-------- MATERIAL PROVIDED --------
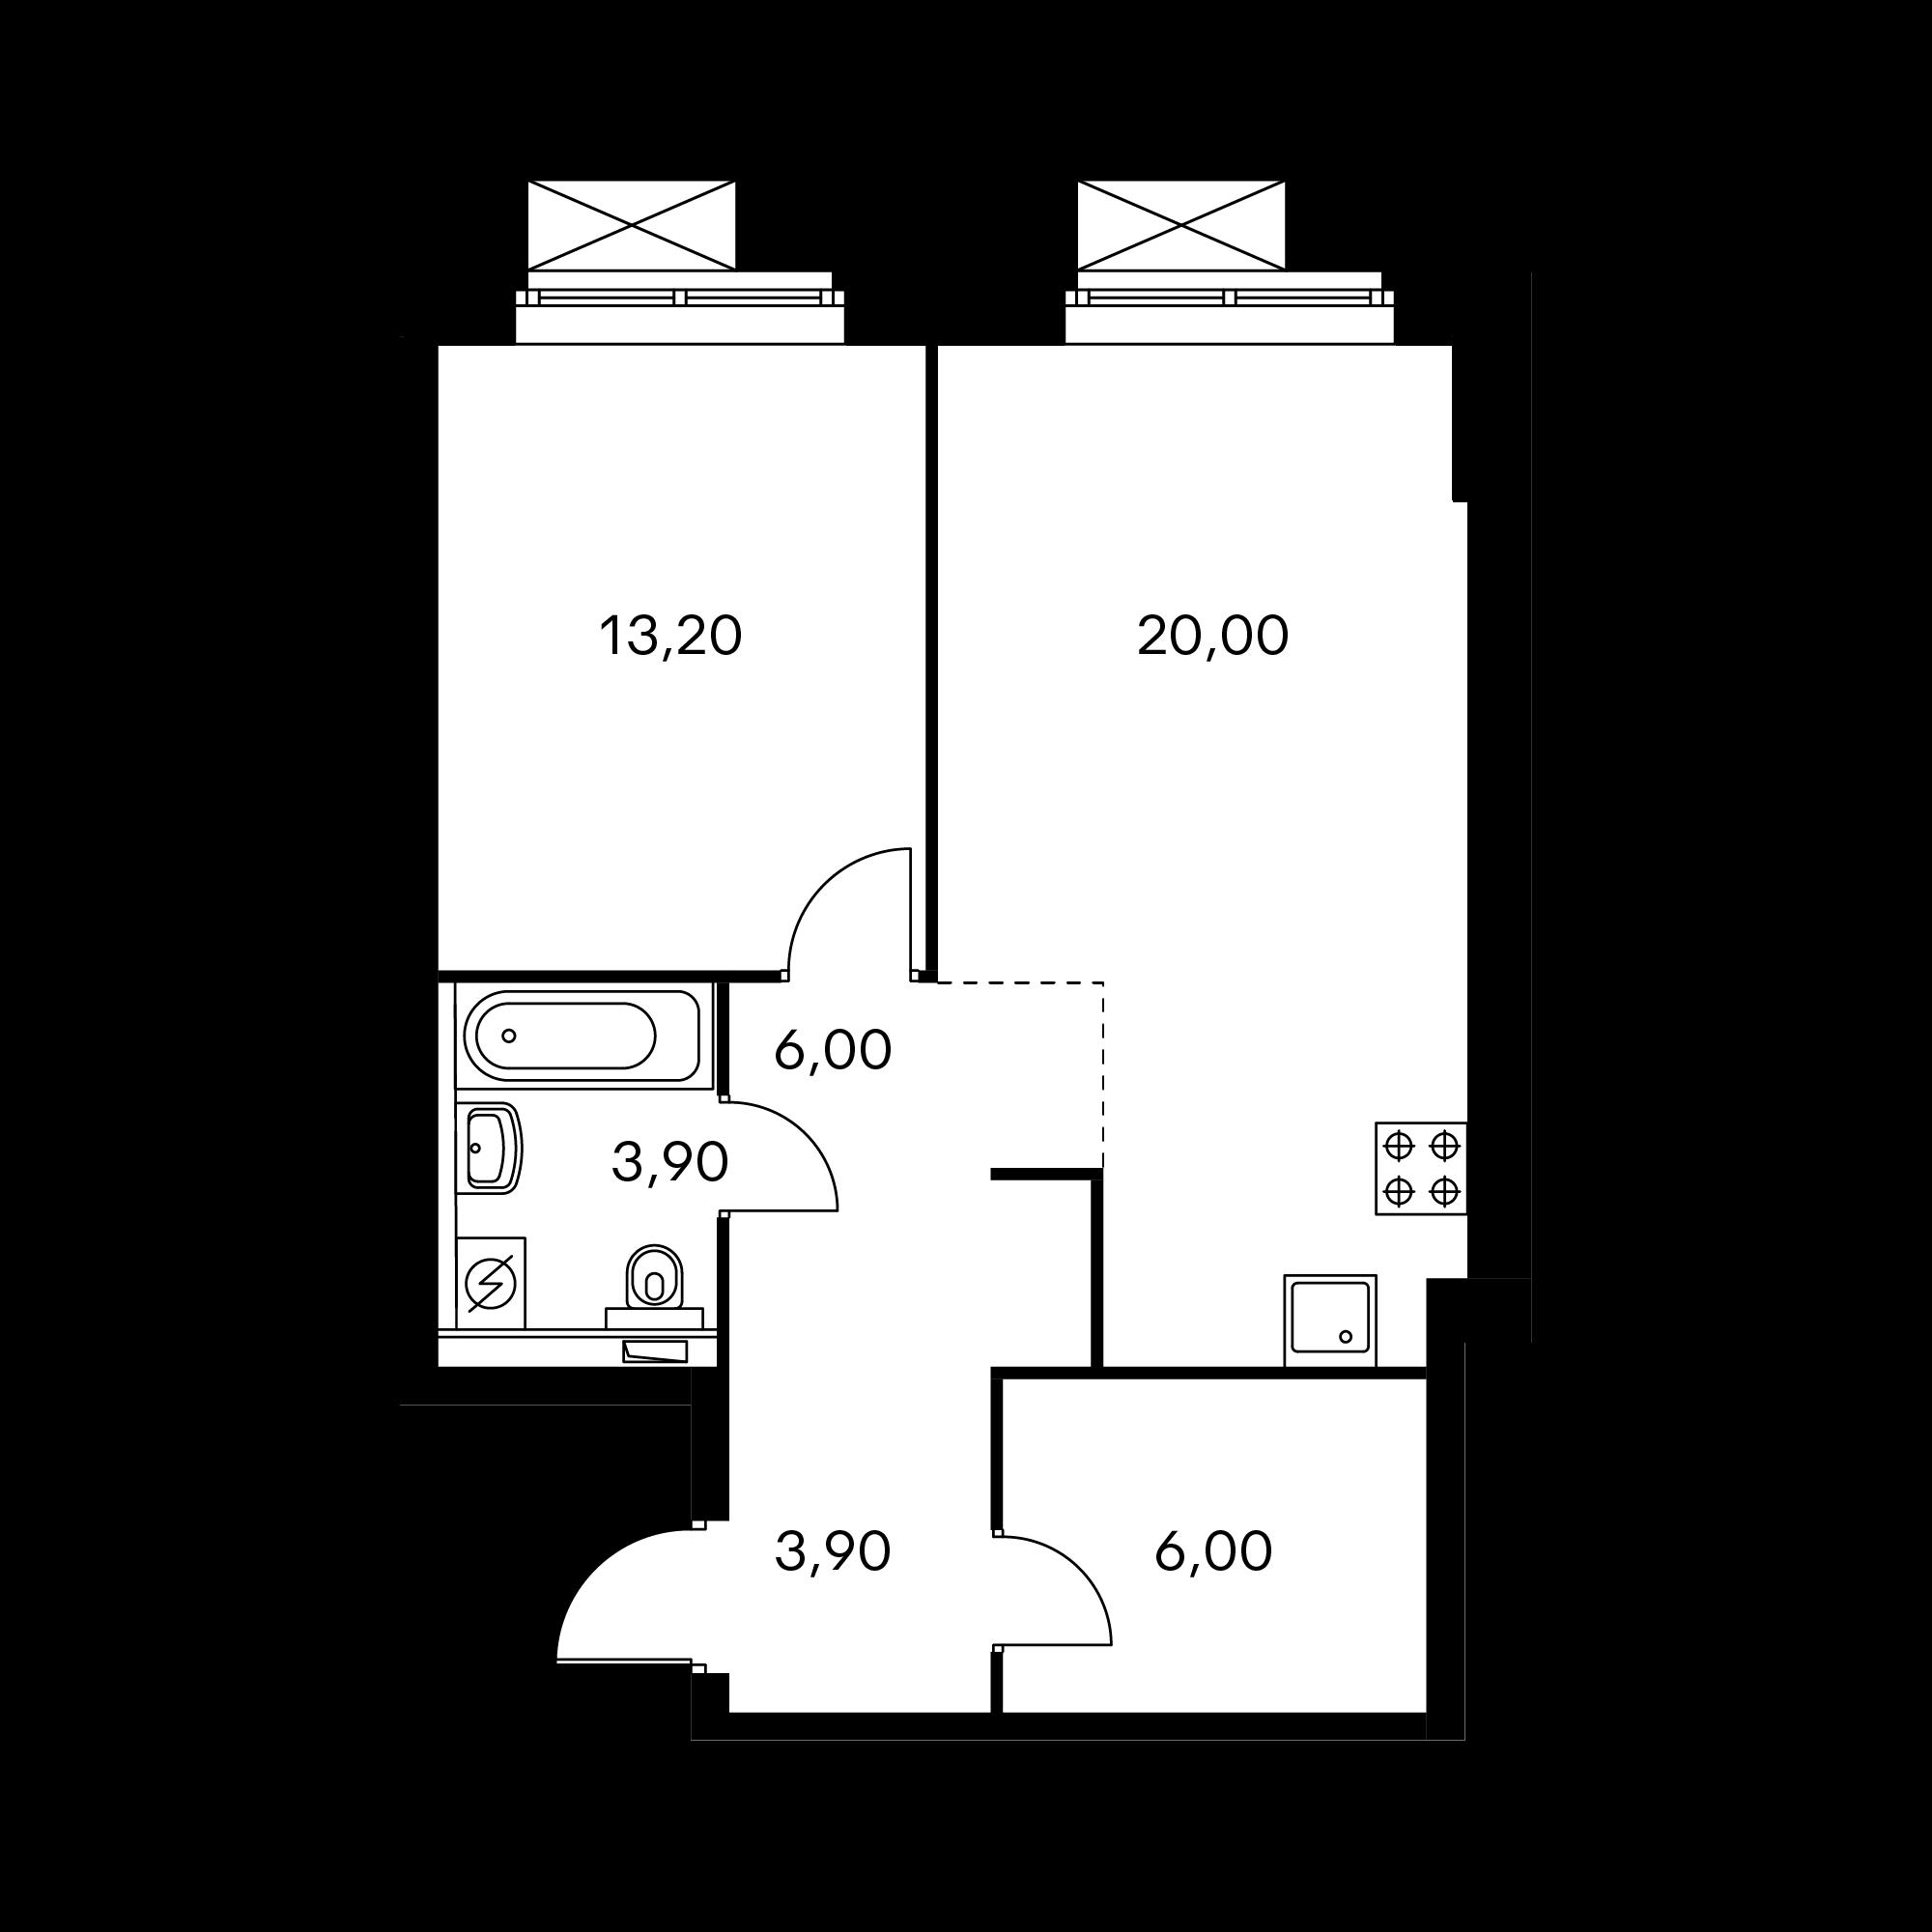 1EL2_6.9-1
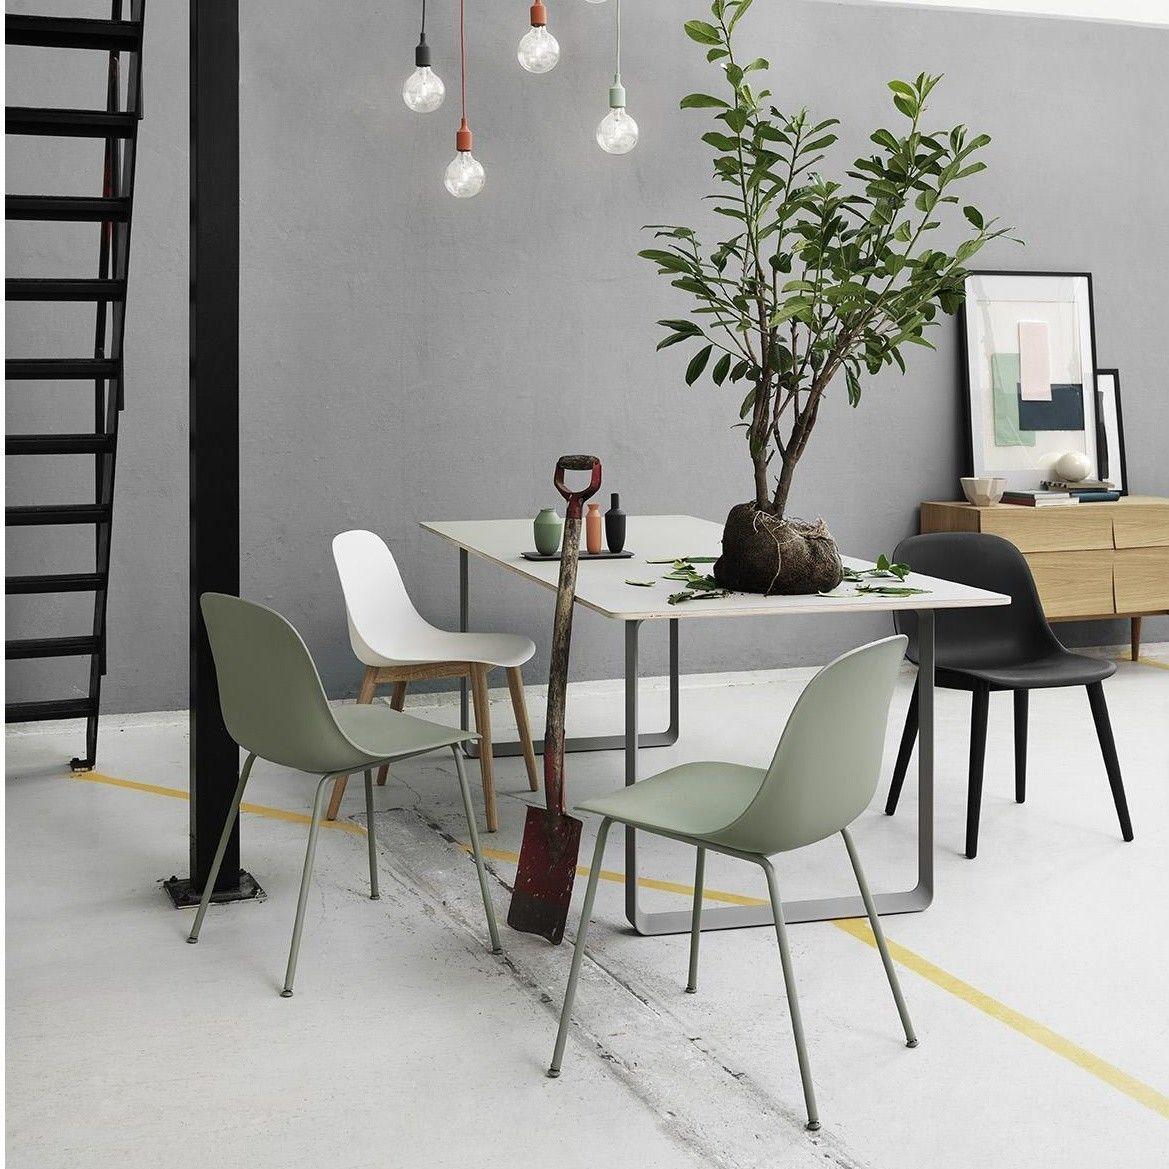 muuto 70 70 tisch muuto. Black Bedroom Furniture Sets. Home Design Ideas
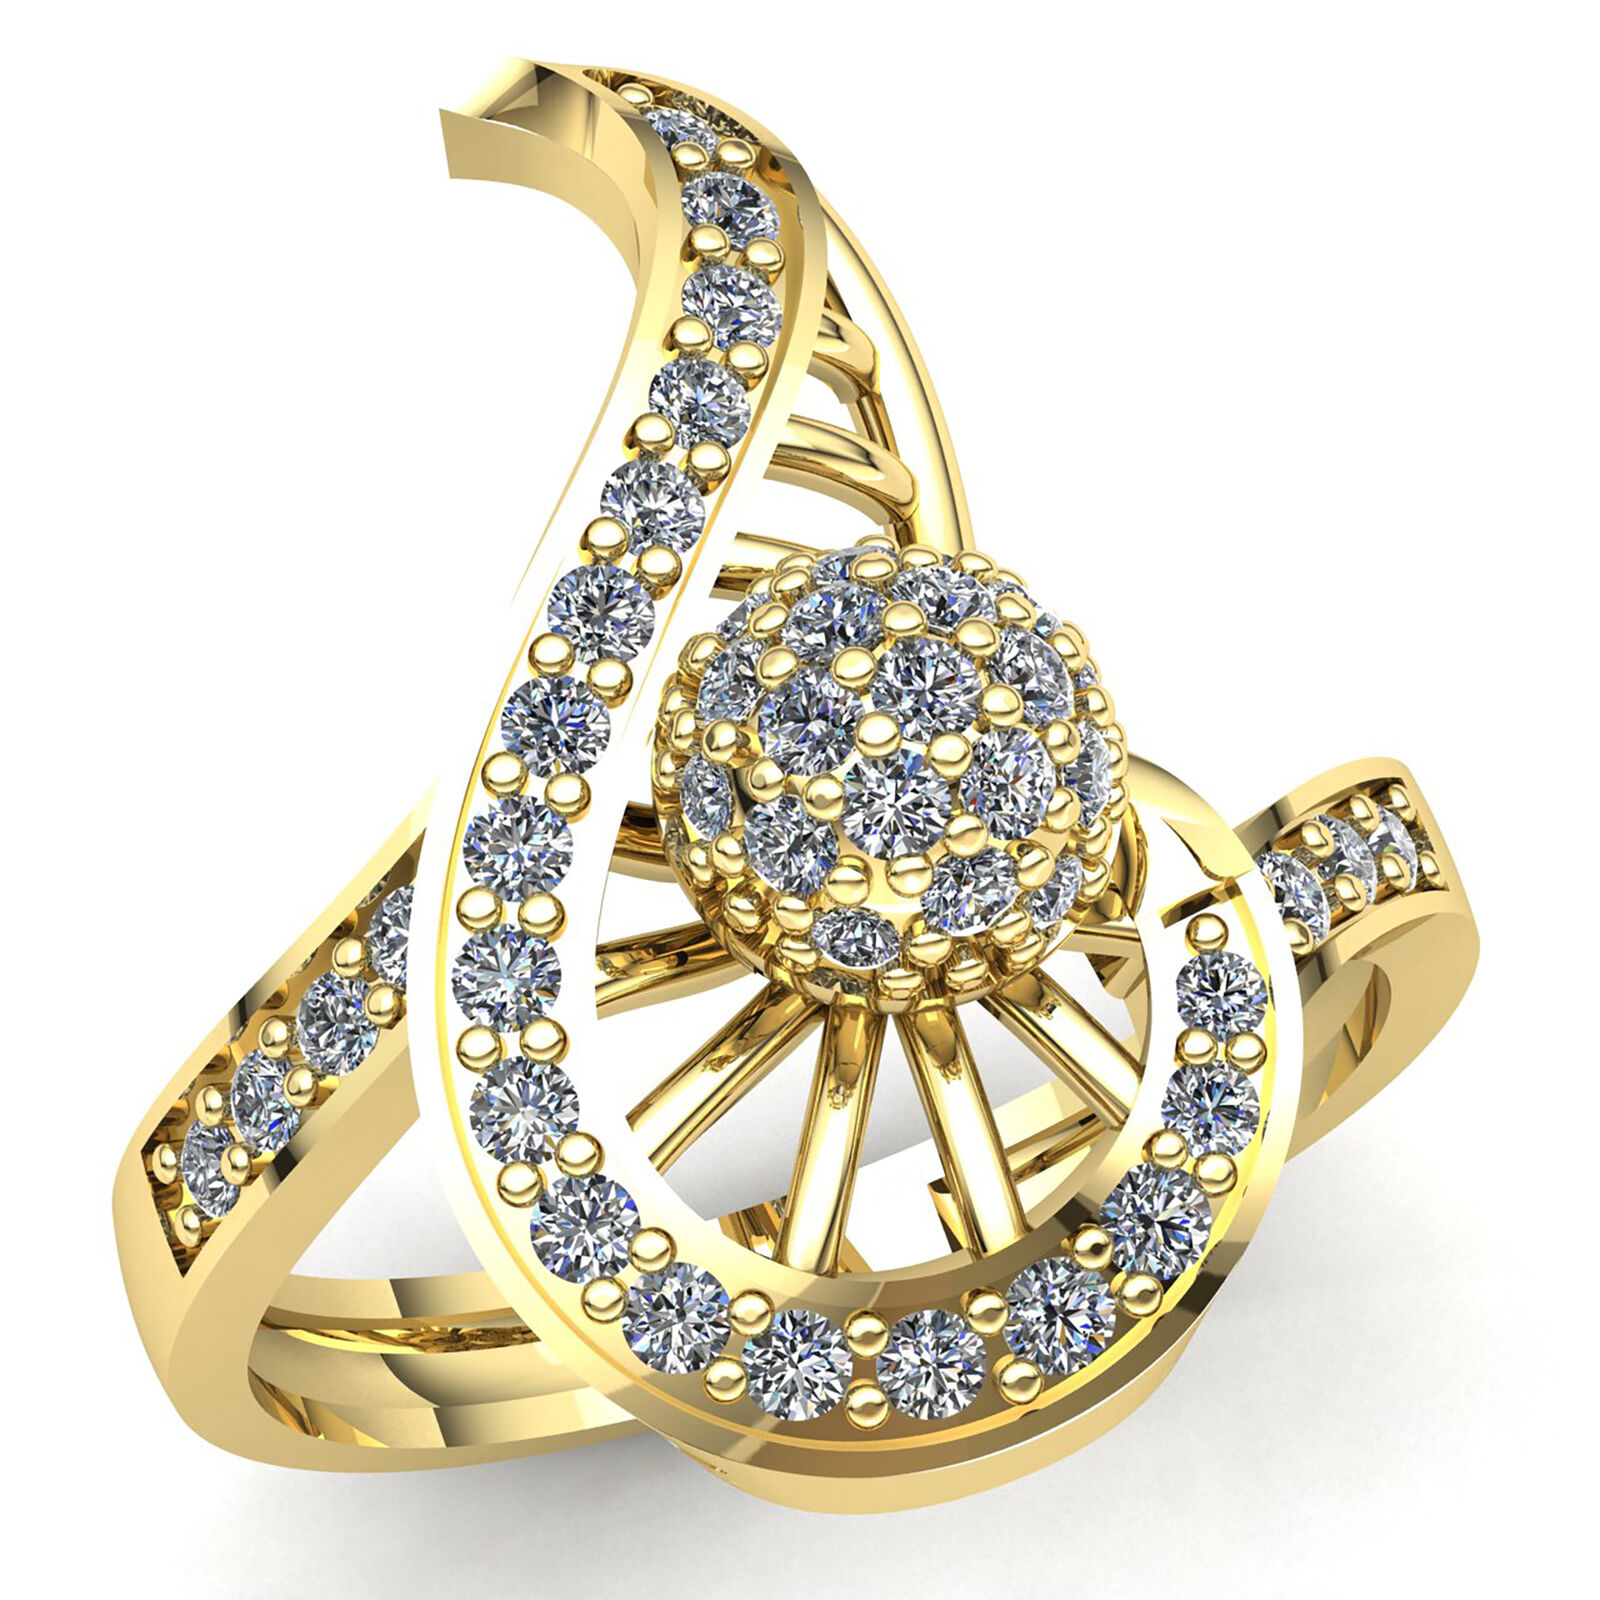 Real 1.5carat Round Cut Diamond Ladies Cluster Vintage Engagement Ring 14K gold
--------
▶ **YOUR INSTRUCTIONS**
Your task is to retype, exactly and only, the lines from the line holding "muuto 70 70" through the final line of the data above, with both ends kept. Drop the pictures.

▶ **SOLUTION**
 muuto 70 70 tisch muuto. Black Bedroom Furniture Sets. Home Design Ideas
 Real 1.5carat Round Cut Diamond Ladies Cluster Vintage Engagement Ring 14K gold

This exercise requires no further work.